Сюда относится учение Станиславского, обращенное к актеру, о том, что надо воссоздавать в игре процесс, а не играть результаты. Его слова о том, что «ошибки большинства актеров состоят в том, что они думают не о действии, а лишь о результате его. Минуя самое действие, они тянется к результату {415} прямым путем. Получается наигрыш результатов, насилие, которое способно привести только к ремеслу»[103].
Это себе ставит как задачу Скрябин:
«… Ему нужен был не рассказ об акте, не представление акта, а самый акт …» (Л. Сабанеев, «Скрябин», ГИЗ, 1923, стр. 66).
Этого, как никто иной, достигает Скрябин. Даже больше того. Сквозь акт становления творения у него еще осязается становление акта самого творчества.
«… Скрябина привлекает динамика самого творческого приема и ее воплощение в искусстве. В этом отношении он напоминает Родена, который дерзнул попытаться передать в скульптуре не только движение форм, но и самое их образование. Римский-Корсаков в “Садко” дает нам образ художника, который исполняет готовое произведение или импровизирует, то же мы видим у Листа в “Орфее”, но никто, кроме Скрябина, не раскрывает перед слушателем самую лабораторию музыкального творчества.

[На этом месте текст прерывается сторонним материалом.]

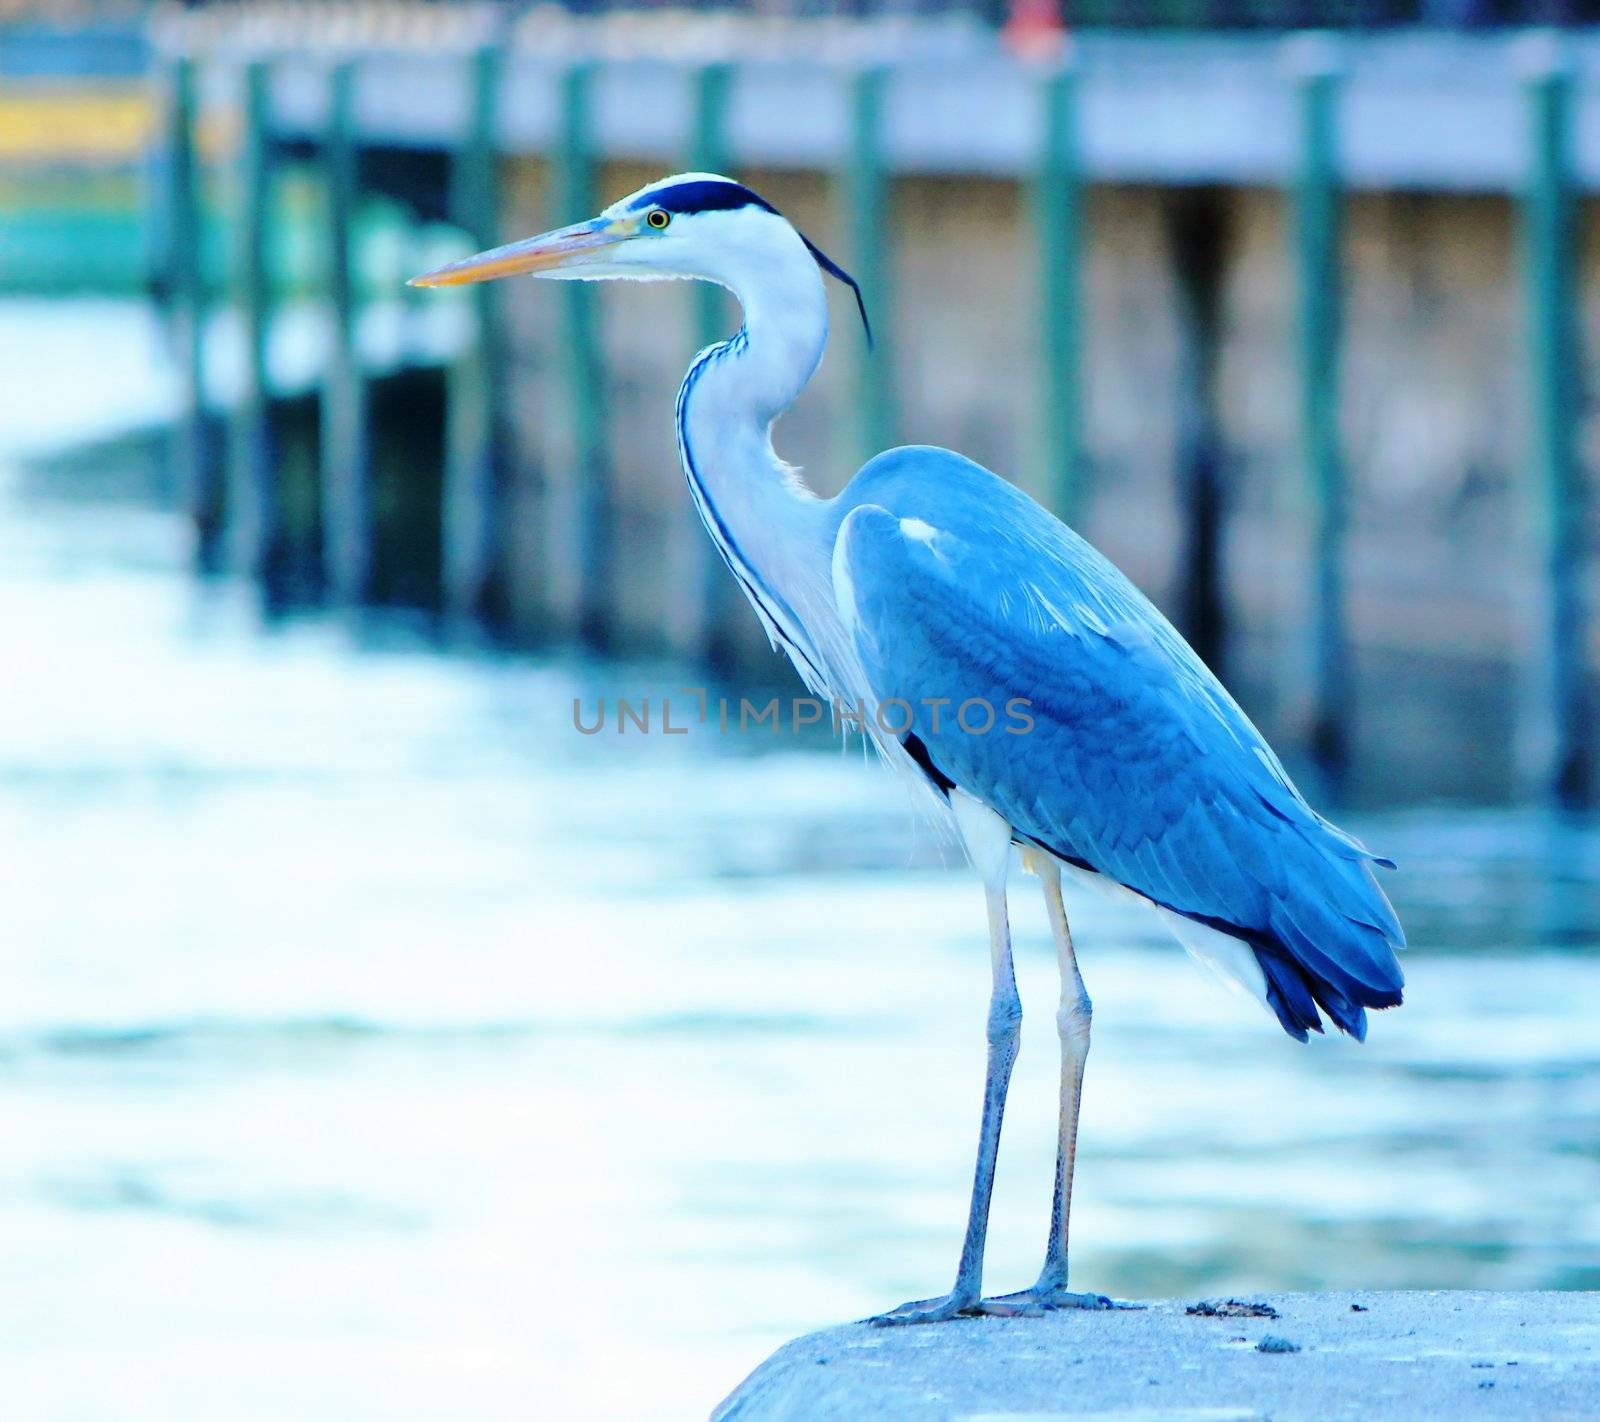 Great blue heron by Elenaphotos21

Мы посвящаемся, слушая его, в муки творчества, это можно сказать о “Божественной поэме” и “Экстазе”…» (И. Лапшин, «Заветные думы Скрябина», стр. 37 – 38).
И это же звучит в монтаже как в методе того искусства, внутри которого в синтезе суждено слиться Станиславскому со Скрябиным, как нигде и никогда соединив в единстве действующего человека с музыкой действенной формы, раскрывающей его в пластике и звуках.

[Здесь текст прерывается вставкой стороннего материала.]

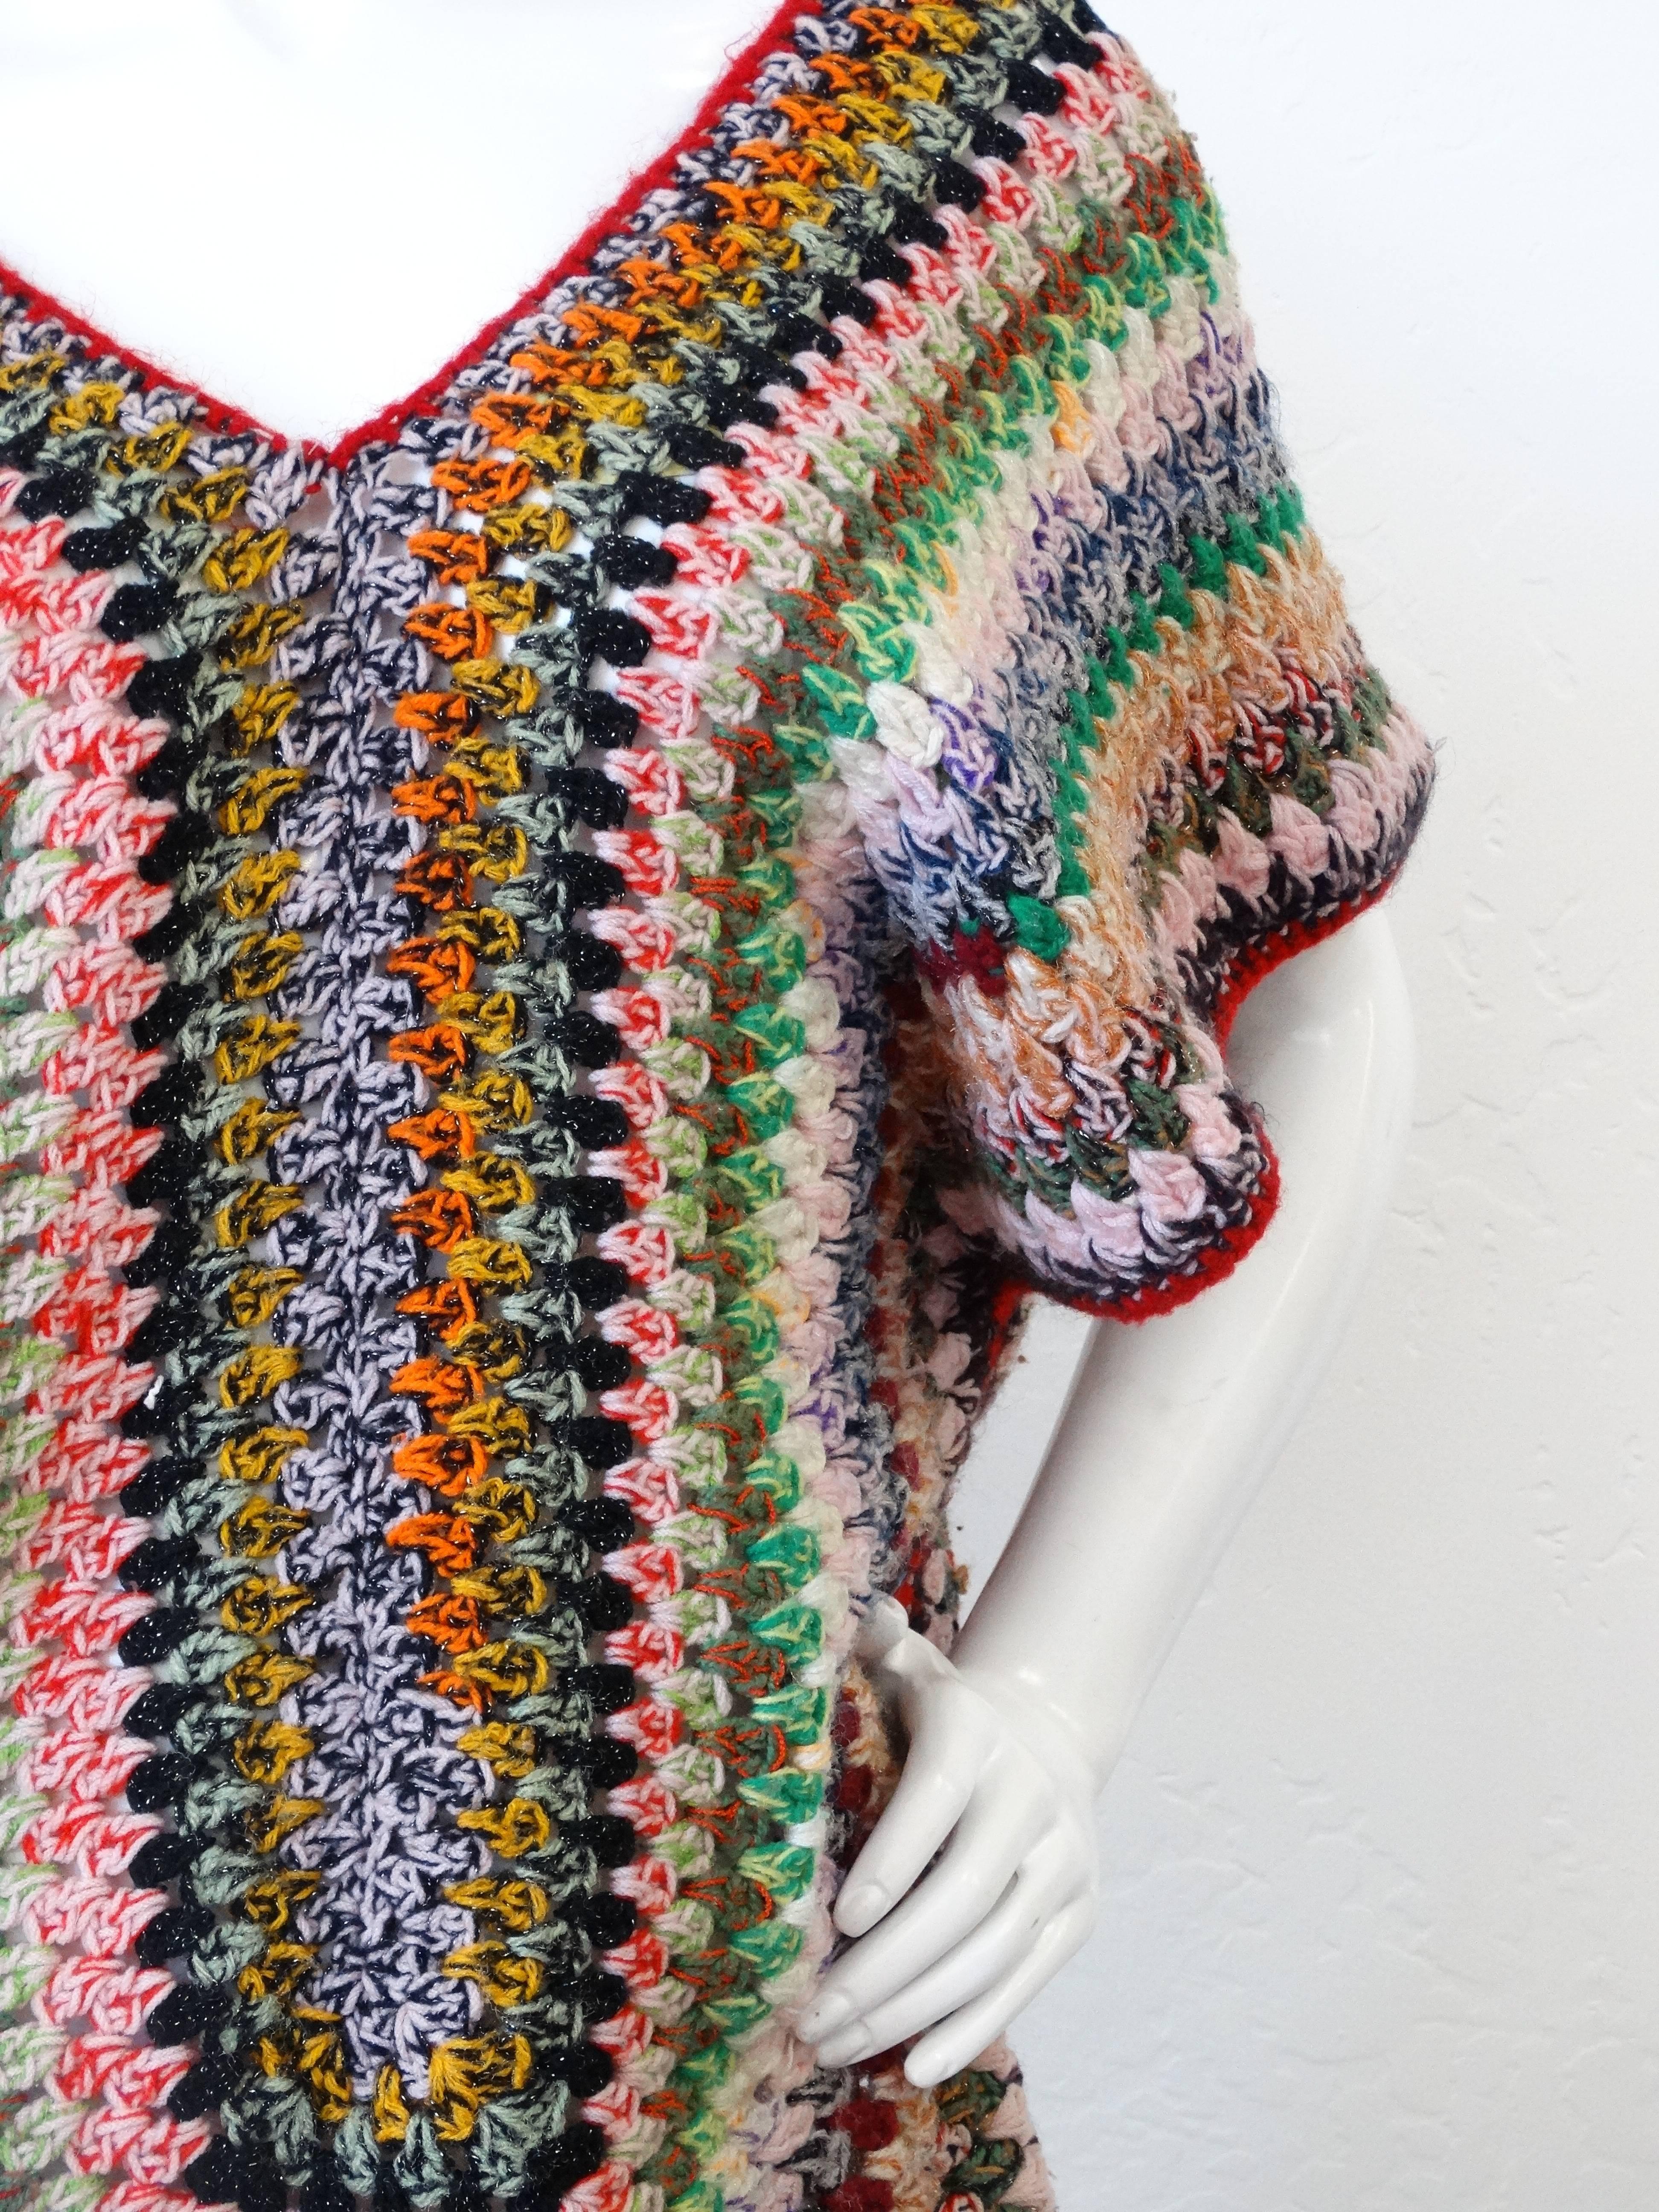 Women's Chic 1970s Bohemian Multicolored Knit Poncho Top

Приведя пример с актером, мы указали путь и место монтажу и внутри мастерства актера. Не только во внешних его проявлениях, где он очевиден в контрапункте выразительных ракурсов, сценических переходов и произнесений слов, растущих из единого чувства и раскрывающих это чувство зрителю, заражая и вовлекая его.
По этой линии я всегда яростно восстаю против тех, кто утверждает, что «крупный план» рожден кинематографом и что, следовательно, различие размеров изображения и игра на смене этих размеров возникли только с приходом кино. Такой человек либо ничего не понимает в искусстве театральной композиции, либо никогда не видел мало-мальски грамотно скомпонованной сцены!
Как крупный план, так и смена планов, так и игра на смене размеров и планов — не произвольная игра, а средство композиционного воплощения образа замысла режиссера — целиком гнездится уже внутри театра. И всякий театральный режиссер, если он не сапожник, в известной степени этим владеет, этим пользуется. Правда, менее совершенно, чем кинорежиссер, хотя более утонченно, но вместе с тем и менее сознательно, так как он не вынужден «брать кадр», беря каждый раз в кадр лишь то, что для данной фазы хода сцены единственно нужно. Но это выделение единственно нужного в данный момент столь же обязательно и для его построения на сцене. Здесь он лишен, правда, возможности физически отсечь все остальное, что делает на кино рамка кадра. И здесь ему не предоставлена возможность соответственно укрупнять существенное. Но это значит только, что тем изощреннее он должен быть в орудовании специфическими средствами мизансцены, чтобы так же безошибочно вводить в поле внимания зрителя, погружая все остальное за пределы восприятия, то одного человека, то другого, то одну группу, то другую, то двух человек, глядящих друг на друга, — вместе, то последовательно {416} каждого порознь, то всех двести пятьдесят человек массовой сцены как единое целое, то только игру глаз и бровей протагониста, стоящего на фоне этих двухсот пятидесяти человек[104].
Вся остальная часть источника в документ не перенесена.